Juliana’s lips quivered as she fought for a reply. “You’re right, I know you’re right. And yet who would I be if I shoved my memories aside? I cannot, will not, be that silly child, Juliana Lisbourne, ever again.”
“Nor will I be that boy fetching things in a bawdy house, but what would I be if I’d been some fancy nob raised by a governess like the one we saw today? Gawd, my lady, I wouldn’t trade what I learned on the streets for all the velvet-draped nurseries in Mayfair.”
Dear God, if Nick Black were ever willing to give the boy up, she’d take him in a minute. Cathy was a very fortunate girl.
“Off you go,” Juliana returned with her first genuine smile in a week. “Tell Cecilia I shall expect them all tomorrow, the time at their convenience.”
“Yes, my lady.” Fetch proffered an elaborate bow and took himself off, leaving Juliana to wonder what she’d just done. Given herself wiggle-room? Offered up the crack in her armor Darius had penetrated a week ago—the crack Fetch had just pried open a bit more—to the determined efforts of Cecilia, Holly, and Belle, who would undoubtedly arrive armed with verbal crow-bars to rend all objections fr
om her, propelling her into Darius’s arms, whether she wished it or not.
Lie to everyone else if you please, but do not lie to yourself!
Not a lie! She wanted, she needed. She simply couldn’t. Something inside her wouldn’t give in. Each time she thought she could, self-loathing snapped her back.
Yet perhaps this time . . .
What could three young women accomplish that Darius had not been able to do?
Nothing. Only you can make the change. Only you can find a way out of this coil of misery.
Something she had totally failed to do.
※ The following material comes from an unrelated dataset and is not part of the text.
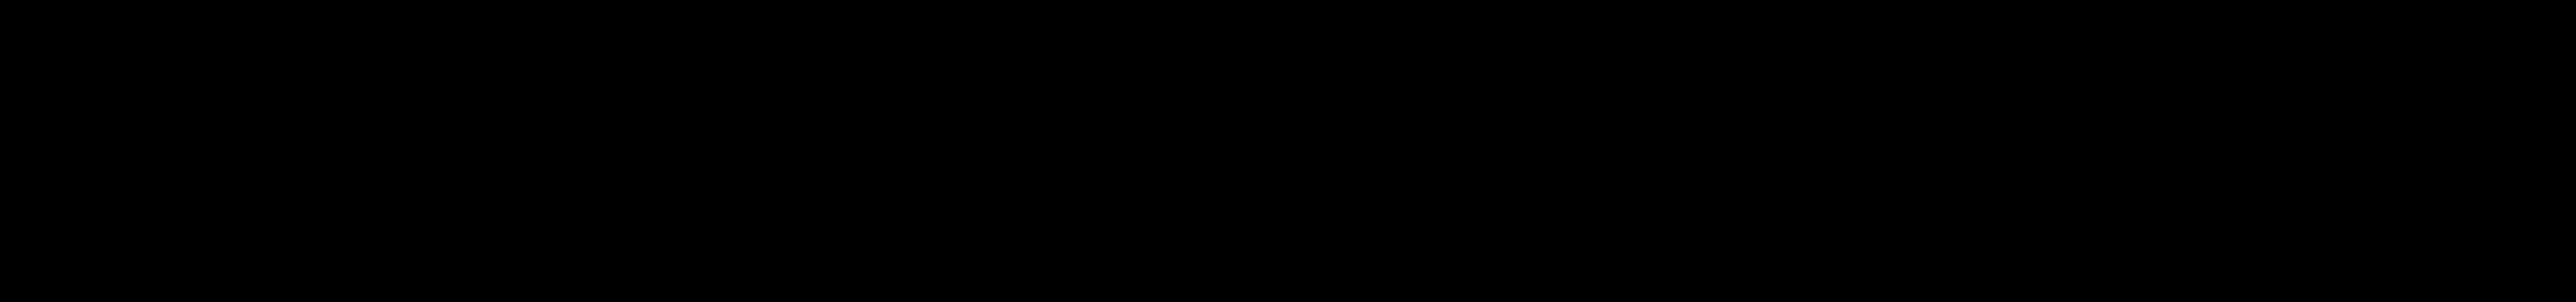 cepillo Lujo insulto  Balenciaga Logo - PNG and Vector - Logo Download

Six years since Geoffrey’s death and here she was, her inner turmoil still unresolved. Nothingness yawned before her, a bleak, lonely life stretching into infinity. Was this her fate? Or would she let her friends take her by the hand and lead her into the light?
Beyond tears, Juliana lowered her head to the desk and let the ache in her heart swallow her up.
Early the next afternoon, Juliana’s three erstwhile students arrived in one carriage, each sporting a look of reproach tinged with anger. Their greetings cool, Cecilia flounced to a chair across from her hostess, while Belle and Holly perched on the sofa, backs straight, eyes inscrutable.
“’Tis said that now Mr. Wolfe is saved from that woman, Longmere is backing away,” Cecy announced. “Even though, through some wrong-headed notion none of us can fathom, you refuse to benefit from his ploy.”
Juliana blinked, regarding her friend in some confusion. “I beg your pardon.”
“Oh, don’t tell us you didn’t know,” Holly declared. “Longmere sacrificed himself for you, drawing La Charlbury away from Mr. Wolfe, showing him what a shallow twit she is.”
“Truly, Juliana,” Belle added earnestly, “I don’t think the marquess can stand the woman, yet it took but a cock of his eyebrow to have her panting after him. I swear he’s done your Mr. Wolfe such a favor, he should return some of the money he choused out of Longmere.”